__What is required__
Reading the listing below, restate each entry exactly as written.

__Input__
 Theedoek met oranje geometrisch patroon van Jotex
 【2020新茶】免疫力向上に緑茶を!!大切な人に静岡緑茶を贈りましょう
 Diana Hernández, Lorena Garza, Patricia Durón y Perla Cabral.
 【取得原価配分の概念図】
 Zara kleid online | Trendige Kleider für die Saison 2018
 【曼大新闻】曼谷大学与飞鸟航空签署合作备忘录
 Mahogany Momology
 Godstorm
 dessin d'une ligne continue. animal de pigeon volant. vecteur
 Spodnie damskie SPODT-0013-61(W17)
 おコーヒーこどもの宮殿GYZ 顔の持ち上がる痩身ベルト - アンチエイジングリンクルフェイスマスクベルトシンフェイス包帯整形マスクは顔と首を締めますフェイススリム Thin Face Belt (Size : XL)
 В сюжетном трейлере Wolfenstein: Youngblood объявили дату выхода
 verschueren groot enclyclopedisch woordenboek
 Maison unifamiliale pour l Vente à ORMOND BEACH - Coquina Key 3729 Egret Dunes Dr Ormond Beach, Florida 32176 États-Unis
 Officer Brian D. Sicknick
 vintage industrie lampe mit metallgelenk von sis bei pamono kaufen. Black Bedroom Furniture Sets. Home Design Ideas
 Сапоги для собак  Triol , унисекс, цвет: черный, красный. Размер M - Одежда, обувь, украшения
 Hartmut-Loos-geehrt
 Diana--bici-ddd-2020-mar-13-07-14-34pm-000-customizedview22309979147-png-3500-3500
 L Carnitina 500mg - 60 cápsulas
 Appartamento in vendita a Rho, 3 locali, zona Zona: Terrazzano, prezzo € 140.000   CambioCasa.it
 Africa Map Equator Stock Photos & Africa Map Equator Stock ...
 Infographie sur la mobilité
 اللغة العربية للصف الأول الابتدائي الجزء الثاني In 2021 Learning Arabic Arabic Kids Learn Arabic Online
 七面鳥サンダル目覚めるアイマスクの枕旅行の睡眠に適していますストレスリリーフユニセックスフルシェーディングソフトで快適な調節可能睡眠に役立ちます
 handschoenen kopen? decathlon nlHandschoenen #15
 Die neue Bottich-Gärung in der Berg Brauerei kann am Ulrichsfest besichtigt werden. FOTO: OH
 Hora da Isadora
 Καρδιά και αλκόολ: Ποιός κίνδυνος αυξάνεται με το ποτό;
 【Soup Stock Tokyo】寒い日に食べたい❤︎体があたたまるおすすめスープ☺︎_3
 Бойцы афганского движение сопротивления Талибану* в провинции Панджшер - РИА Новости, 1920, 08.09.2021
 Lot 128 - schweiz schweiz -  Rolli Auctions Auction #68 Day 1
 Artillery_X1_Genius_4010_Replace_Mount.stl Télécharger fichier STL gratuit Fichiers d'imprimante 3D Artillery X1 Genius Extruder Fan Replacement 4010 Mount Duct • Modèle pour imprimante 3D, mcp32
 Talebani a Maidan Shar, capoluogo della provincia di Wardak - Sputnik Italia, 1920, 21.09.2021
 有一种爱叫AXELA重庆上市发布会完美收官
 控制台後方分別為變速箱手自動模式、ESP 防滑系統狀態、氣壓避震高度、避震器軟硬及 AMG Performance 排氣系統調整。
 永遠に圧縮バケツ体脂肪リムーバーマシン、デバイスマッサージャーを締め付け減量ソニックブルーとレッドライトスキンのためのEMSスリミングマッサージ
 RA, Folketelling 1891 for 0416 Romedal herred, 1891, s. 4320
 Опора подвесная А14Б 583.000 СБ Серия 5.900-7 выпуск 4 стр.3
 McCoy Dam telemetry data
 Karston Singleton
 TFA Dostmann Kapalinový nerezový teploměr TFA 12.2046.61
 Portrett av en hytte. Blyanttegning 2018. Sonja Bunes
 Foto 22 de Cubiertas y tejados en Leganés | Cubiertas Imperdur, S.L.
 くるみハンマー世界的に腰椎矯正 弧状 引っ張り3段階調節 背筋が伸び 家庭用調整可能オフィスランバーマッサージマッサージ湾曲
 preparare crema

__Reply__
 Theedoek met oranje geometrisch patroon van Jotex
 【2020新茶】免疫力向上に緑茶を!!大切な人に静岡緑茶を贈りましょう
 Diana Hernández, Lorena Garza, Patricia Durón y Perla Cabral.
 【取得原価配分の概念図】
 Zara kleid online | Trendige Kleider für die Saison 2018
 【曼大新闻】曼谷大学与飞鸟航空签署合作备忘录
 Mahogany Momology
 Godstorm
 dessin d'une ligne continue. animal de pigeon volant. vecteur
 Spodnie damskie SPODT-0013-61(W17)
 おコーヒーこどもの宮殿GYZ 顔の持ち上がる痩身ベルト - アンチエイジングリンクルフェイスマスクベルトシンフェイス包帯整形マスクは顔と首を締めますフェイススリム Thin Face Belt (Size : XL)
 В сюжетном трейлере Wolfenstein: Youngblood объявили дату выхода
 verschueren groot enclyclopedisch woordenboek
 Maison unifamiliale pour l Vente à ORMOND BEACH - Coquina Key 3729 Egret Dunes Dr Ormond Beach, Florida 32176 États-Unis
 Officer Brian D. Sicknick
 vintage industrie lampe mit metallgelenk von sis bei pamono kaufen. Black Bedroom Furniture Sets. Home Design Ideas
 Сапоги для собак  Triol , унисекс, цвет: черный, красный. Размер M - Одежда, обувь, украшения
 Hartmut-Loos-geehrt
 Diana--bici-ddd-2020-mar-13-07-14-34pm-000-customizedview22309979147-png-3500-3500
 L Carnitina 500mg - 60 cápsulas
 Appartamento in vendita a Rho, 3 locali, zona Zona: Terrazzano, prezzo € 140.000   CambioCasa.it
 Africa Map Equator Stock Photos & Africa Map Equator Stock ...
 Infographie sur la mobilité
 اللغة العربية للصف الأول الابتدائي الجزء الثاني In 2021 Learning Arabic Arabic Kids Learn Arabic Online
 七面鳥サンダル目覚めるアイマスクの枕旅行の睡眠に適していますストレスリリーフユニセックスフルシェーディングソフトで快適な調節可能睡眠に役立ちます
 handschoenen kopen? decathlon nlHandschoenen #15
 Die neue Bottich-Gärung in der Berg Brauerei kann am Ulrichsfest besichtigt werden. FOTO: OH
 Hora da Isadora
 Καρδιά και αλκόολ: Ποιός κίνδυνος αυξάνεται με το ποτό;
 【Soup Stock Tokyo】寒い日に食べたい❤︎体があたたまるおすすめスープ☺︎_3
 Бойцы афганского движение сопротивления Талибану* в провинции Панджшер - РИА Новости, 1920, 08.09.2021
 Lot 128 - schweiz schweiz -  Rolli Auctions Auction #68 Day 1
 Artillery_X1_Genius_4010_Replace_Mount.stl Télécharger fichier STL gratuit Fichiers d'imprimante 3D Artillery X1 Genius Extruder Fan Replacement 4010 Mount Duct • Modèle pour imprimante 3D, mcp32
 Talebani a Maidan Shar, capoluogo della provincia di Wardak - Sputnik Italia, 1920, 21.09.2021
 有一种爱叫AXELA重庆上市发布会完美收官
 控制台後方分別為變速箱手自動模式、ESP 防滑系統狀態、氣壓避震高度、避震器軟硬及 AMG Performance 排氣系統調整。
 永遠に圧縮バケツ体脂肪リムーバーマシン、デバイスマッサージャーを締め付け減量ソニックブルーとレッドライトスキンのためのEMSスリミングマッサージ
 RA, Folketelling 1891 for 0416 Romedal herred, 1891, s. 4320
 Опора подвесная А14Б 583.000 СБ Серия 5.900-7 выпуск 4 стр.3
 McCoy Dam telemetry data
 Karston Singleton
 TFA Dostmann Kapalinový nerezový teploměr TFA 12.2046.61
 Portrett av en hytte. Blyanttegning 2018. Sonja Bunes
 Foto 22 de Cubiertas y tejados en Leganés | Cubiertas Imperdur, S.L.
 くるみハンマー世界的に腰椎矯正 弧状 引っ張り3段階調節 背筋が伸び 家庭用調整可能オフィスランバーマッサージマッサージ湾曲
 preparare crema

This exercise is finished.